Demystifying NoSQL Databases
Would BMW and Ferrari market their cars as “Not a Porsche” instead of “It is a BMW” and “It is a Ferrari”? Probably not. Interestingly, we see this kind of terminology for NoSQL databases, short for Not-Only-SQL-databases. The term covers a diverse set of database management systems that this article has a closer look at.
The Success of SQL Databases
The term NoSQL refers directly to SQL respectively relational databases. Their birth was in the 1970s with IBM’s research prototype System R. The commercial breakthrough came a few years later. It was in the 1980s when commercial products such as Oracle, Informix, and IBM DB2 took off. Two characteristics of SQL databases are relevant for understanding today’s NoSQL phenomenon:
- The relational, aka table-like, data model. Relational databases have a strictly enforced schema. It consists of tables with defined attributes and, potentially, additional constraints. Loading and processing data requires respecting this schema. Otherwise, the database rejects your command with an error message.
- Databases enforce the ACID guarantees: “A” stands for atomicity: a transaction (aka, a group of commands) is either executed completely or all effects are undone. “C” refers to consistency. At the end of a transaction, the database is (again) in a consistent state. The data fulfills all constraints and integrity requirements. “I” stands for isolation. Isolation guarantees that there is no interference with parallel transactions on the same data. “D” stands for durability. Once the database confirms the commit, all changes are stored persistently and cannot get lost.
SQL databases evolved over the years. While they are mature products, vendors such as Oracle, Microsoft, and IBM continue(d) to invest in innovative features such as scalability, ease of handling, automation, or other new and advanced features. Relational databases turned into object-relational in the late 1990s thereby preventing that the new object-oriented databases gained a relevant market share. The reality proved Stonebreaker’s famous statement to be correct: object-oriented databases are a zero-billion-dollar business.
At this time, new areas of data management such as CAD/CAM or spatial-temporal data and geographical information systems (GIS) challenged the traditional relational databases. The new and coming object-oriented databases were better suited for these areas. Still, they failed in the market. The traditional SQL database vendors absorbed the trend by implementing new features such as more flexible table structures, features for handling large documents (Character Large Objects / CLOBs), or binaries (Binary Large Objects / BLOBs).
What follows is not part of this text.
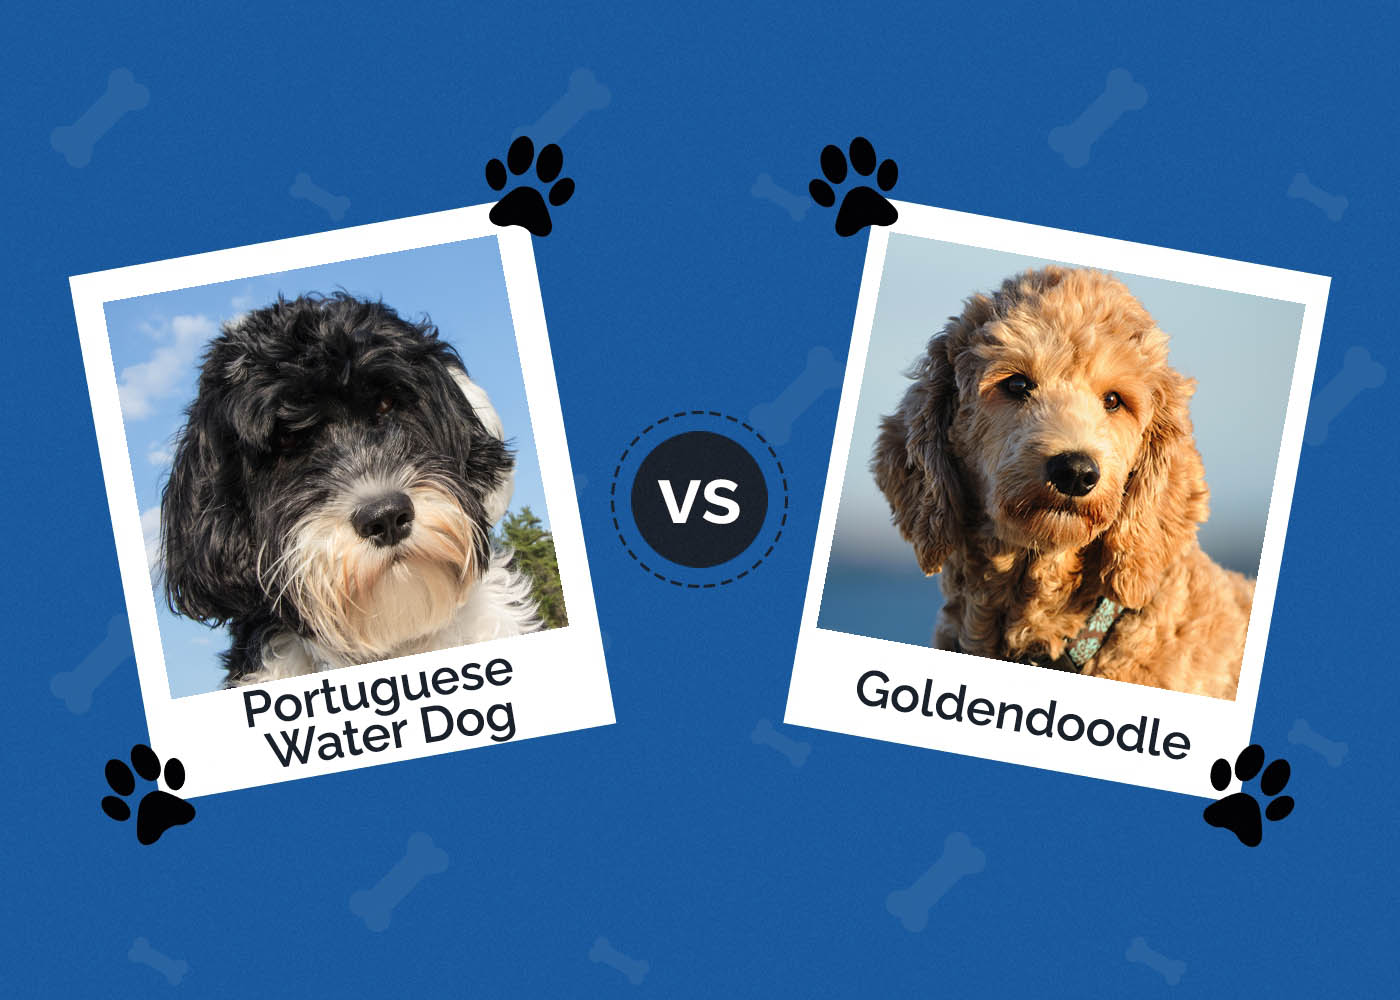 Portuguese Water Dog vs Goldendoodle

Will the same happen with NoSQL databases – a short hype and forgotten in some years? When I was at the Oracle OpenWorld in London in February 2020 that was their vision (and hope) – everything in their database to which more and more features are added.
Why NoSQL Databases Prosper
NoSQL databases started to catch attention from 2009/2010 onwards as Google trends illustrates (see Figure 1). Their success bases on providing fewer features than traditional databases, (mostly) not on providing new features. They are more lightweight, easy to deploy, and with no or different license fee models. Important trends are Key-Value Stores, and Document and Graph Databases plus highly scalable data processing engines.
Figure 1: Interest in NoSQL
Key-Value Stores
The data model of key-value stores is extremely limited – pairs of a key and a value. When you know the key (e.g., an IP address), you can retrieve the associated value. For example, the last time a request came from a specific IP address. As always, there are variations when looking at different key-value store products: complex keys, searching for values, in-memory-databases for speed, etc. The main characteristic, however, is the simplistic data model. Important cloud service products are AWS DynamoDB or Azure Cosmos DB. They enable developers to store key-value-pairs as well as the more complex documents.
Key | Value |
114.5.82.4 | 20.07.2020 09:32 |
14.1.219.55 | 20.07.2020 09:31 |
154.2.23.1 | 20.07.2020 09:30 |
124.5.8.4 | 20.07.2020 05:47 |
4.210.182.7 | 19.07.2020 22:09 |
Figure 2: Key-Value Store Example
Document Databases
Documents are semi-structured with the most popular file formats being XML and JSON. Documents allow for flexibility regarding the attributes (e.g., documents can have different structures) and they allow nesting attributes. The following two sample documents have a similar structure, but there are nuances. Document A contains an attribute “event” that document B does not have. Also, both documents store the author’s name a little bit differently.
Document A |
{
“article”: { “title”: “Business Applications: On the Tension between Efficient Testing and Compliance.”, “author”: “Klaus Haller” “journal”: “Softwaretechnik-Trends”, “year”: 2015, “volume”: 35, “event”: “37. Treffen der GI-Fachgruppe Test, Analyse & Verifikation von Software (TAV), Friedrichshafen, 5./6.2.2015” } } |
Document B |
{
“article”: { “title”: “Mobile Testing”, “journal”: “ACM SIGSOFT Software Engineering Notes” “author”: { “firstname”: “Klaus”, “lastname”: “Haller” } } } |
Graph Databases
Graph databases make modeling and querying complex topics and relationships intuitive. Social networks are a great application area. A graph consists of nodes and of edges that connect nodes. Nodes can, for example, represent persons or topics. Both, nodes and edges, can have attributes to store additional information. In the example in Figure 3, there are various types of nodes: individual persons, a band named Spice Girls, their albums, and some of their songs. The edges represent the relationships like being part of the band, they released an album, or a song is part of an album. There are also sample attributes like when the band membership ended or their nicknames. Not all attributes are used for every node or graph. For example, the graph database product Neo4J refrains from strictly enforced schemas.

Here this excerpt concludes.